After the 2023 Turkey-Syria earthquakes, InSAR analysis using Sentinel-1 data revealed up to 6 meters of horizontal fault displacement along the East Anatolian Fault. This measurement, available within days of the earthquake, provided scientists with detailed information about the rupture that would take months to obtain from ground surveys alone.
Lidar: profiling the atmosphere and terrain
Lidar (Light Detection and Ranging) is an active sensor that transmits laser pulses and measures the return time and intensity. Airborne lidar produces extremely detailed terrain models by measuring the distance to the ground surface beneath vegetation canopy. Spaceborne lidar, such as NASA's CALIPSO and ICESat-2, profiles atmospheric aerosols and measures ice sheet elevation changes with centimeter precision.
For disaster applications, lidar-derived terrain models are essential for flood modeling (knowing the precise elevation determines where water will flow), landslide hazard mapping, and post-disaster damage assessment. The USGS 3DEP program is systematically acquiring lidar coverage of the entire United States to create a high-resolution national elevation dataset.
Multi-sensor synergy in disaster monitoring
The most effective disaster monitoring combines passive and active sensors to exploit their complementary strengths. Optical imagery provides intuitive visual context and high spatial resolution. Thermal infrared detects fires and measures temperatures. SAR sees through clouds and measures surface changes. Lidar provides precise terrain data for modeling.

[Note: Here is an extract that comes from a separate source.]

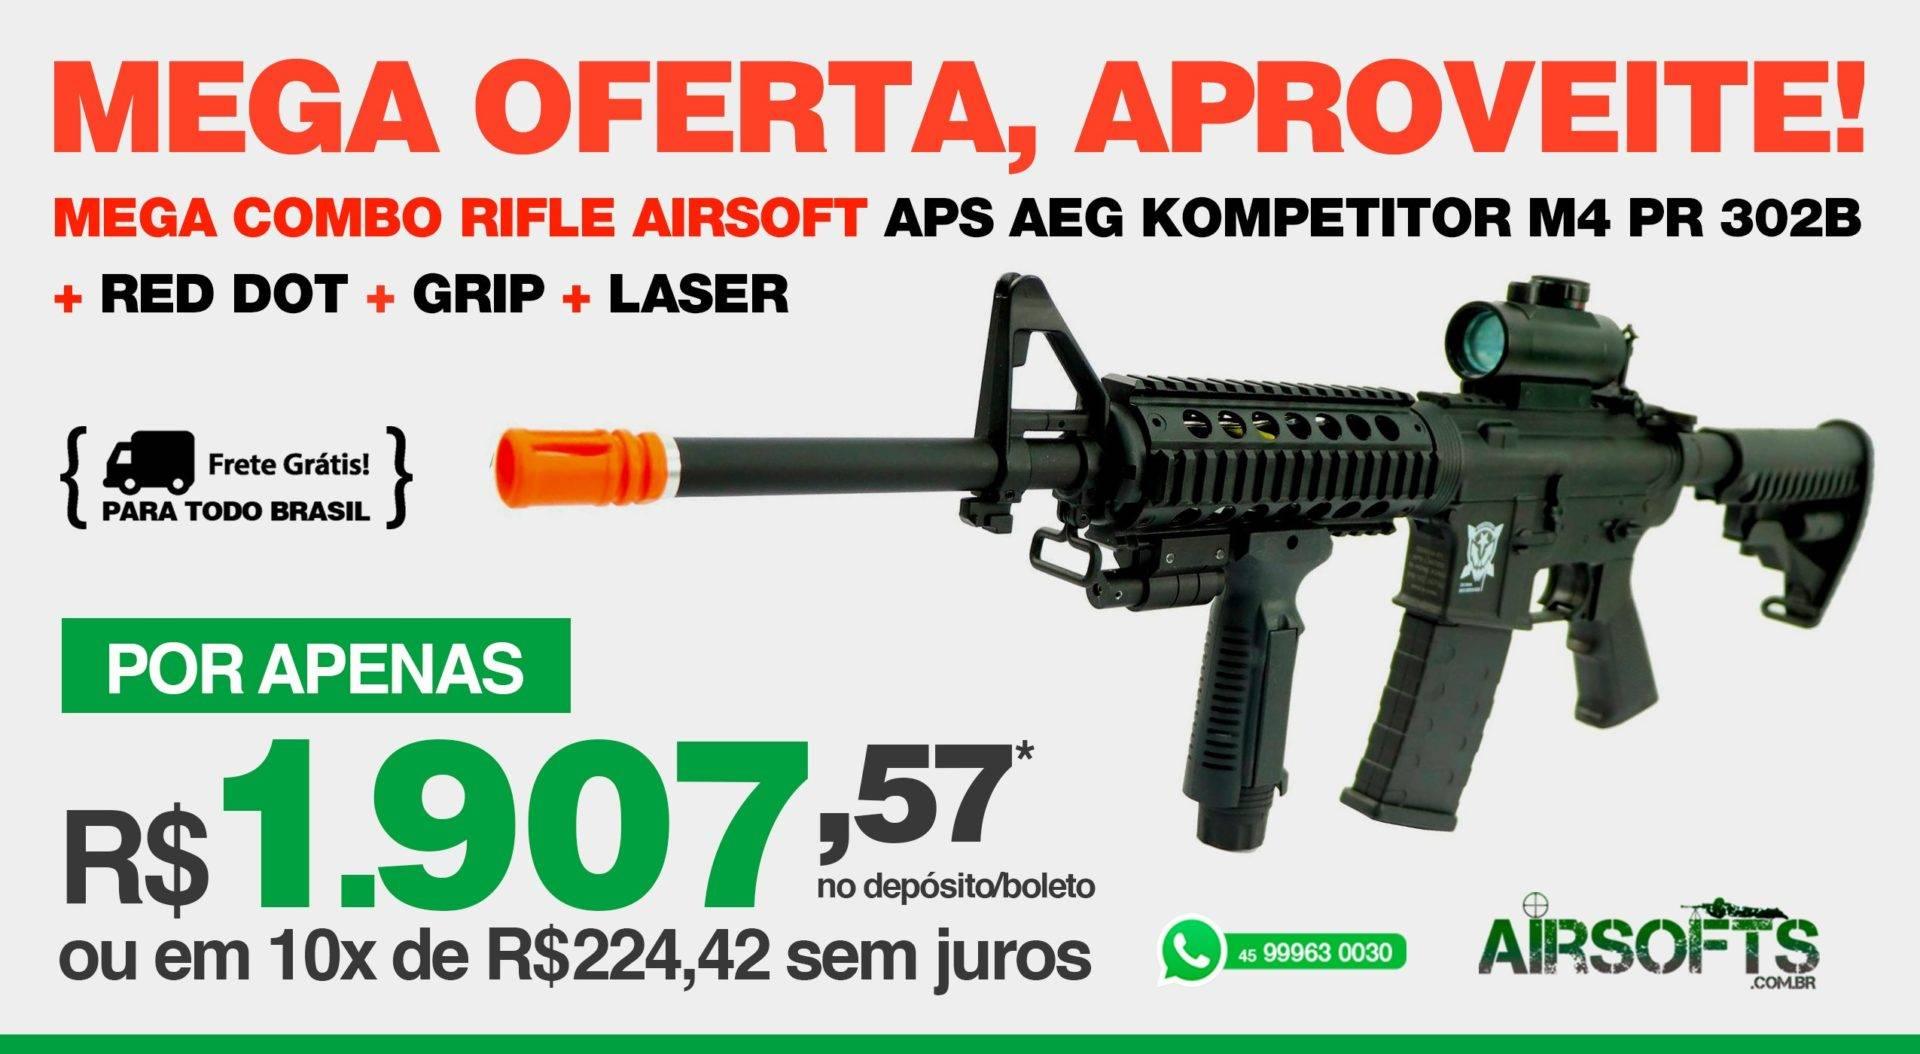 6410eb31699b4 Airsoft   Airsofts - Armas, Munição e Acessórios   Airsofts Brasil

PlanetSentry integrates event data from sources that draw on all of these sensor types. EONET wildfire events originate from MODIS and VIIRS thermal detections. GDACS flood alerts incorporate SAR-based flood mapping. Earthquake data comes from seismic networks but is contextualized by satellite-derived damage assessments using optical and SAR imagery. The globe becomes a synthesis layer where different sensor inputs converge into a unified monitoring picture.